Dimakan Langsung Enak, Campur Teh atau Susu Juga Lezat
Keluarga Mbah Timin, Pembuat Roti Kompyang sejak 1960 (1)
Roti kompyang adalah makanan tradisional Tiongkok. Peminatnya pun banyak warga dari etnis Tionghoa. Di Sidoarjo ada pembuat kompyang sejak 1960-an. Hingga kini tetap bertahan.
FIRMA ZUHDI AL FAUZI
ASAP putih mengepul dari dapur Mbah Timin, warga Desa Kedungsumur, Krembung. Kemarin (14/2) pria kelahiran 1933 itu sedang membuat kompyang. Dia didampingi Yamani, istrinya, dan dua anaknya. Meski sudah sepuh, Timin tetap rutin membuat kompyang.

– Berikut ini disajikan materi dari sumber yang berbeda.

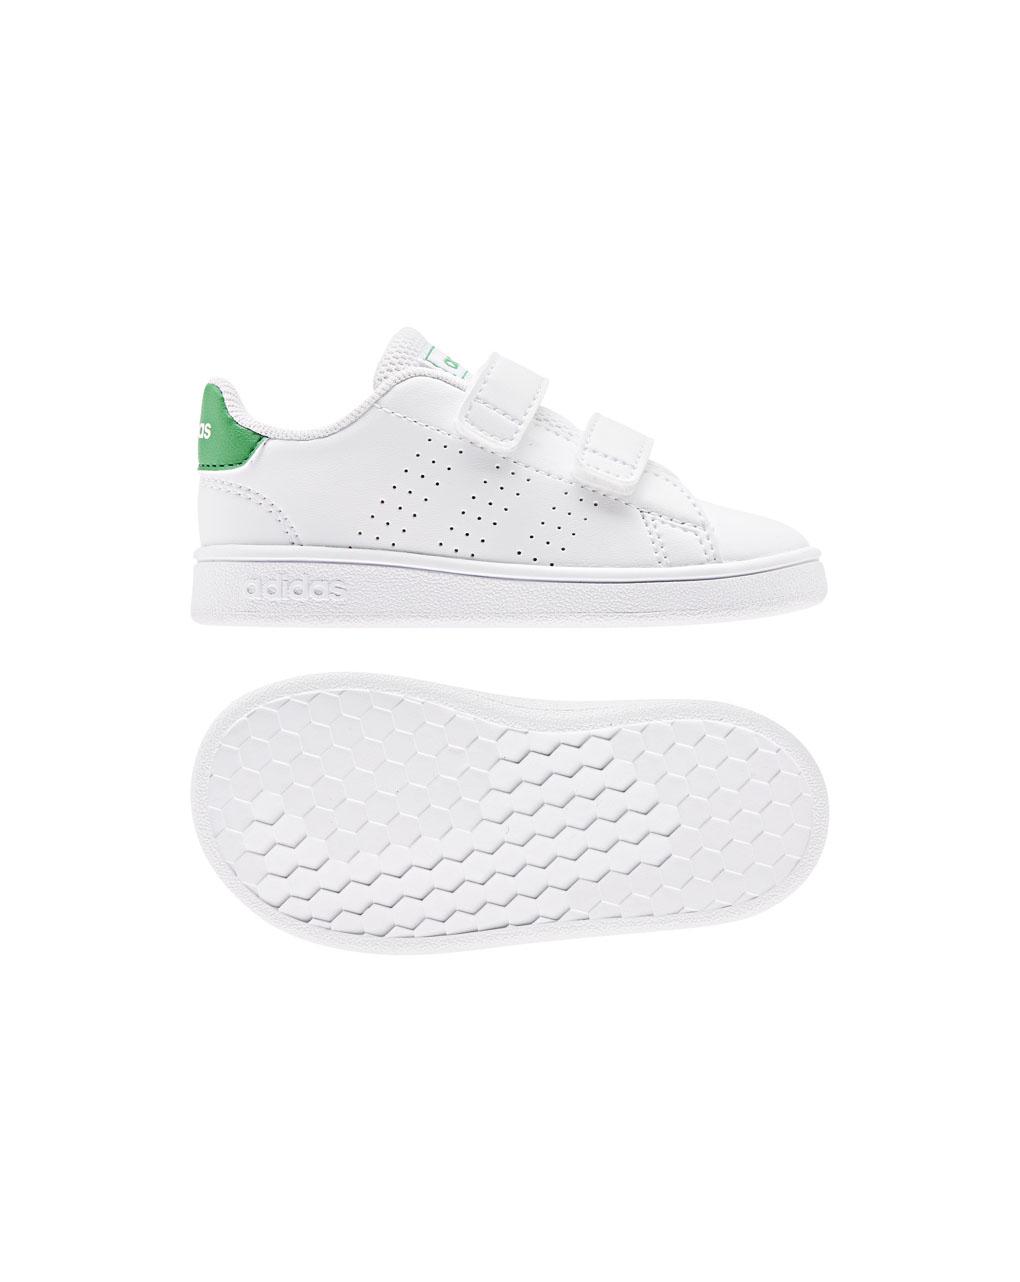 Αθλητικά Παπούτσια Adidas Advantage I EF0301 για Αγόρι

Kompyang berbahan dasar tepung terigu dengan dicampur air dan sedikit garam. Lalu, dibentuk bulat pipih dan diberi taburan wijen di atasnya. Memasaknya tidak boleh sembarangan. Menggunakan tungku. ”Bukan sembarang tungku, pesan khusus ke Malang. Pembuat satu-satunya di sana,” kata Suharti, anak Timin.

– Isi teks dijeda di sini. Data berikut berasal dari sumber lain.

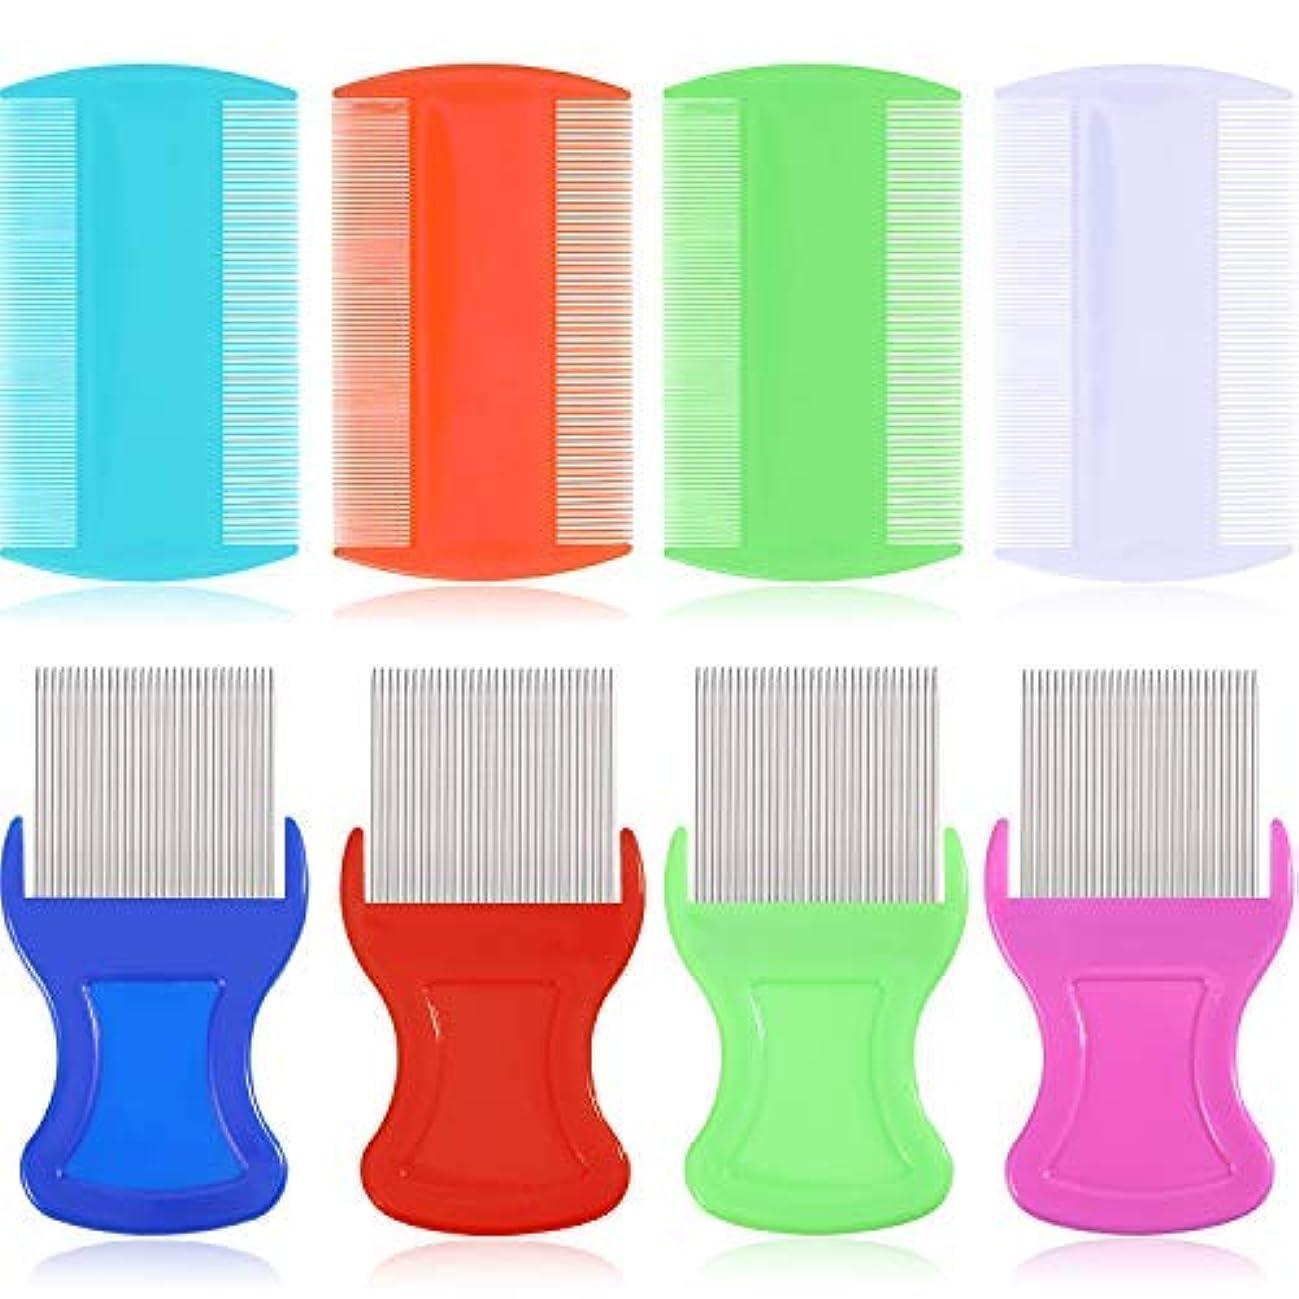 主観的疑い者顕微鏡8 Pieces Flea Lice Comb Lice Removal Combs Include 4 Pieces Nit Remover with Metal Teeth and 4 Pieces Double Sided...

Tungku itu mirip gentong berukuran besar. Diameternya sekitar 70 sentimeter. Bahannya dari tanah liat. Agar bisa digunakan untuk membuat kompyang, gentong besar tersebut dilapisi dinding semen dan pasir. Lapisan paling luar berupa anyaman bambu.
Cara menggunakan, bagian dalam tungku dibakar dengan kayu. Agar kayu cepat menjadi bara, harus dikipas secara manual. Sekitar setengah jam pembakaran berlangsung, sampai dinding tungku panas. Tanda kalau sudah panas bisa dilihat dari dinding bagian dalam tungku yang berwarna agak putih.
”Saat itulah, adonan kompyang mulai ditempelkan ke dinding tungku bagian dalam. Agar melekat, kompyang agak dibasahi sebelum ditempel,” jelas Suharti.
Proses memasak memanfaatkan panas yang tersisa di dinding bagian dalam tungku. Saat semua kompyang sudah tertempel, Suharti tampak memanasi lagi tungku dengan kayu pete dan jati. ”Harus dua kayu itu biar panas,” ujar perempuan 52 tahun itu.
Begitu terlihat mengembang dan warnanya kecokelatan, kompyang baru diangkat dan siap disajikan. Dimakan langsung enak, dicampur teh atau susu pun enak. ”Biasanya dicampur dengan air gula hangat,” kata Cukup Widodo, adik Suharti.
Karena proses yang terbilang ribet dan serbatradisional tersebut, jarang ada yang mau membuat. Bahkan, menurut Widodo, ternyata usaha yang dimulai bapaknya itu kini mungkin satusatunya di Sidoarjo.